Wednesday, 18 April 2012

Lecture 6: Commercial Media


Completely ready to write about this week’s lecture I pull out my note book only to find I wrote 3 whole pages of notes. Not the biggest motivation. But unlike I usual upbeat exciting lecture post (hint of sarcasm), I decided this one is going to be a bit more factual.
Putting it simply, commercial media is profit-driven media productions. It, unlike public media, receives no funding by the government. It survives on its own business successes while primarily come from advertisers. Commercial media has become a lot more common today which major players including, Ten, Win, News Limited and the list goes on. These major players produce things from newspapers to films and everything in between.
When looking at commercial media is it essential to look at its main forms and functions.
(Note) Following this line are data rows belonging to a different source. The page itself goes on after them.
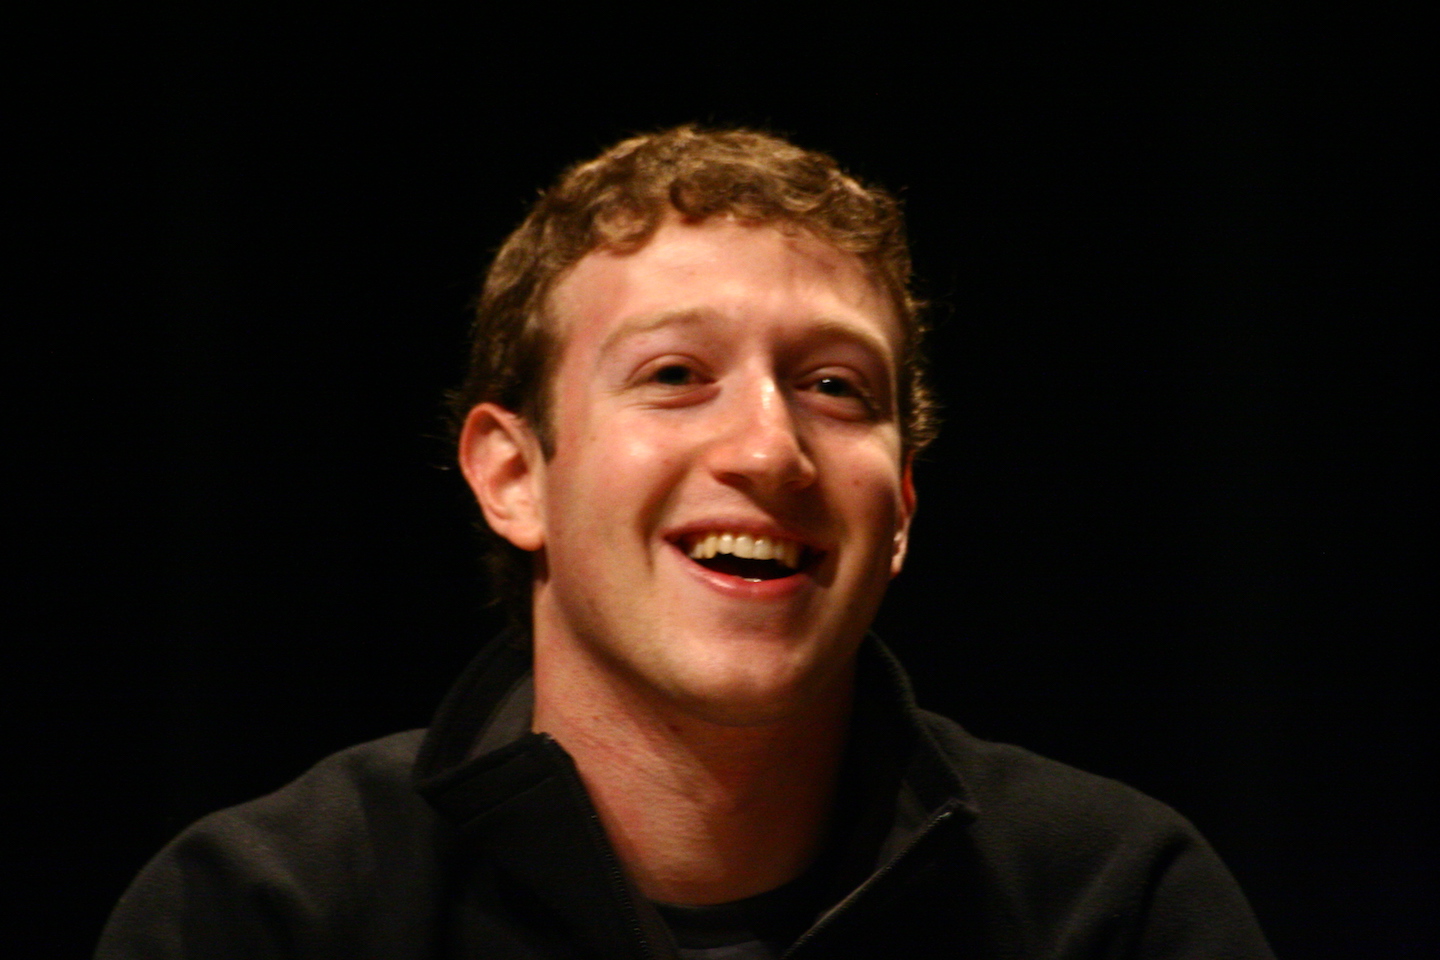 Election interference: Facebook CEO Mark Zuckerberg spent $500 million to influence Democrat election officials and unlawfully change the election system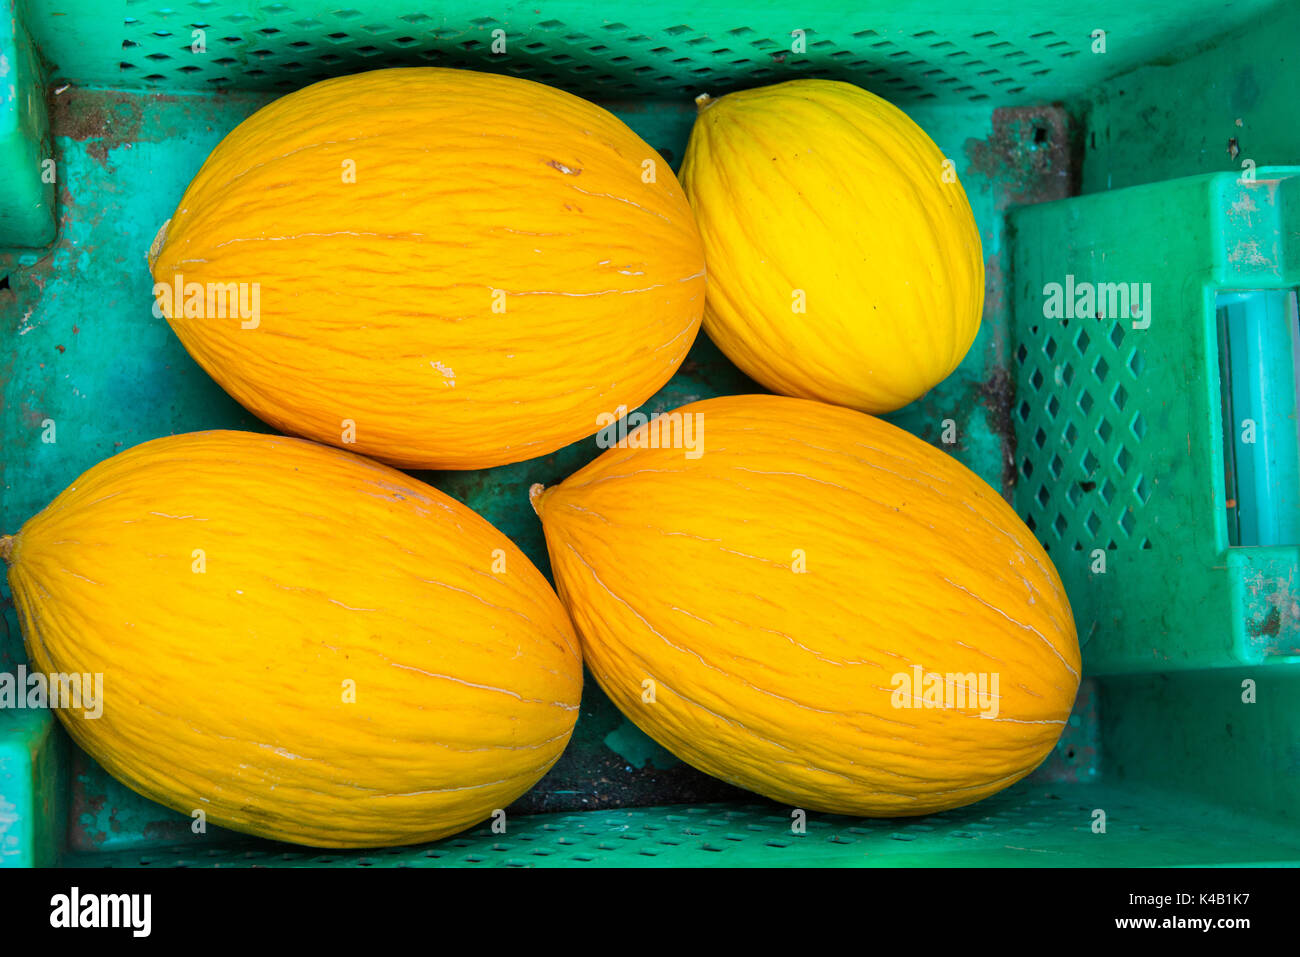 Yellow melons in a green plastic basket Stock Photo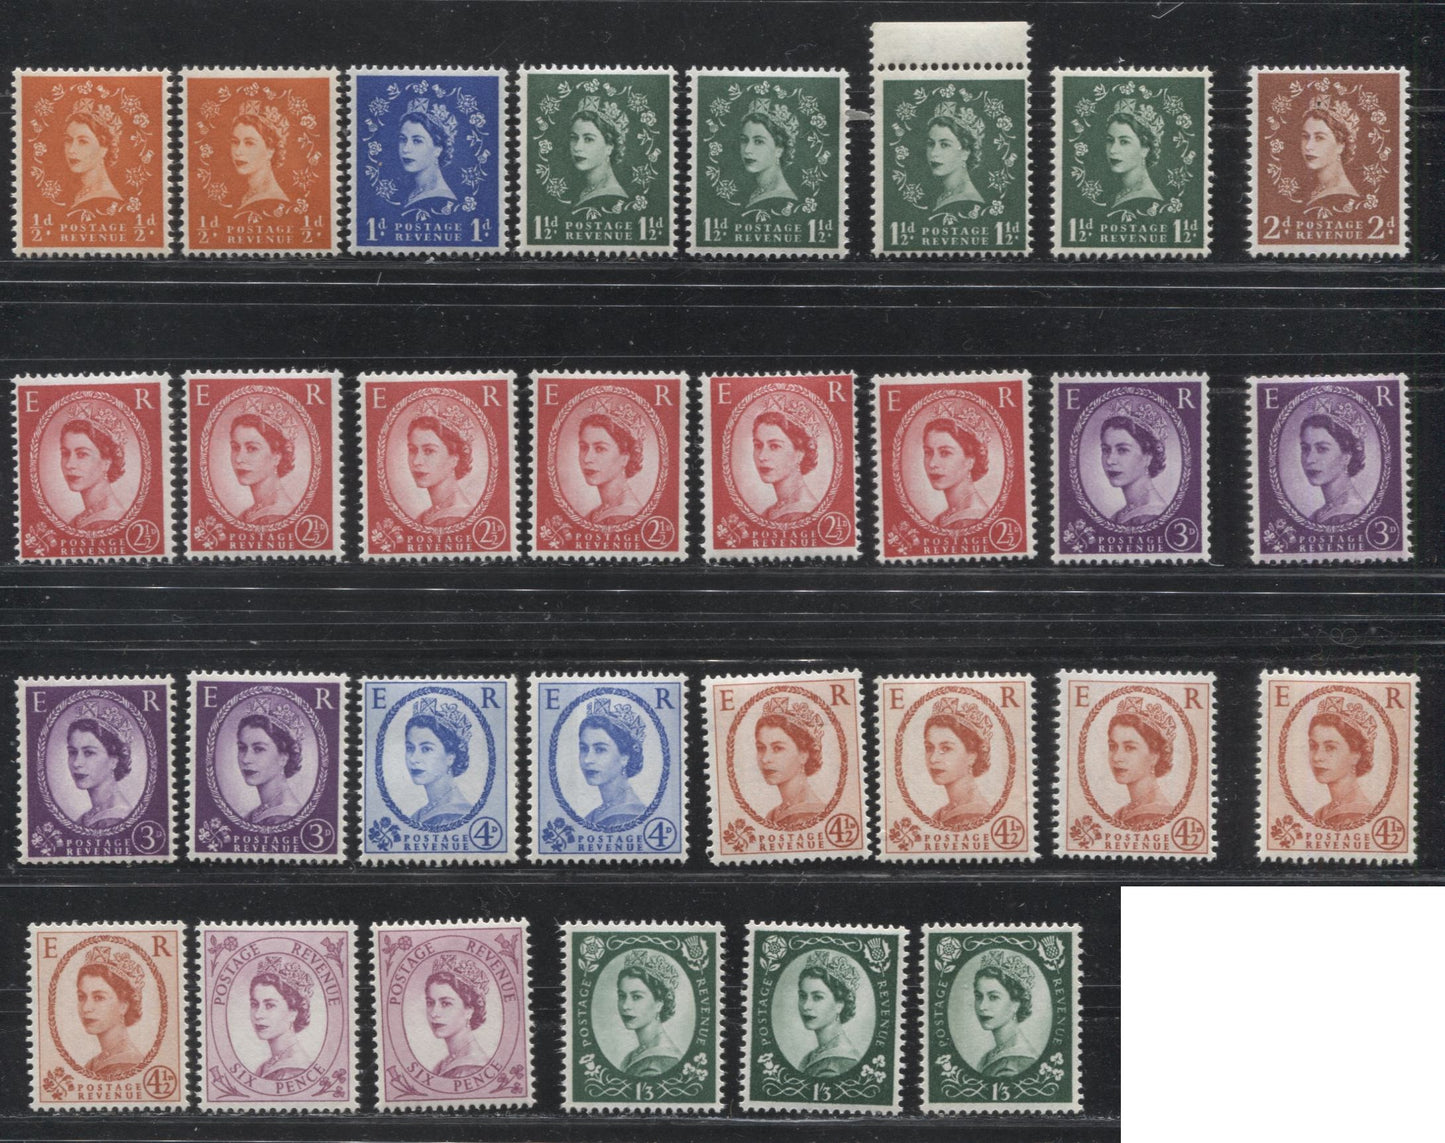 Great Britain SC#353p/368p SG#610/618 1/2d Orange - 1/3d Green Queen Elizabeth II, 1960-1967 Wilding Issue, Multiple Crown Watermark, Phosphor Tagged Issue, Partial Set, Blue Phosphor on White Paper, Many Fluorscent Varieties, Fine to Very Fine NH

The issue that arises is can commercial media really deliver on both commercial (profit) and social (‘public trust’) functions? Or is it just about the money?
Due to the social responsibilities of the media in a democratic society there are rules that are put in place to keep it under control.

P Formal State Requirement
P Legal Prescription

P State Oversight
P Statutory – Australia Communications and Media Authority

P Voluntary – Australia Press Council
There are a few other important factors that need to be noted. So much so that if I keep writing this is going to turn into a short novel. So I am going to leave it with some notes that seemed pretty important.

The Ethical Wall: guarantee of commercial-social functions

New controls on commercial media:  1. Government Agency – Regulating Content
                                                                    2. State Press Subsidies

                                                                    3. Licenced Journalism
Style of Commercial Media:  ‘Corrupt; lack of quality; profit over-rides social responsibility’ John McManus

So in the end what has this, commercial media, all led to. Due to the style of commercial media it has resulted in dumbing-down, tabloidization, the ‘desire to please’ and ‘mickey mouse’ news
So things aren’t looking to positive for commercial media. Especially with the decline of advertising revenue for broadcast media being down it means that:

Loss of revenue = loss of investment = loss of money for quality production = more bought-in content (less original) =more repeats of US sitcoms, more reality TV.
Not the nicest looking equation that is for sure.

I wonder if public media can do any better.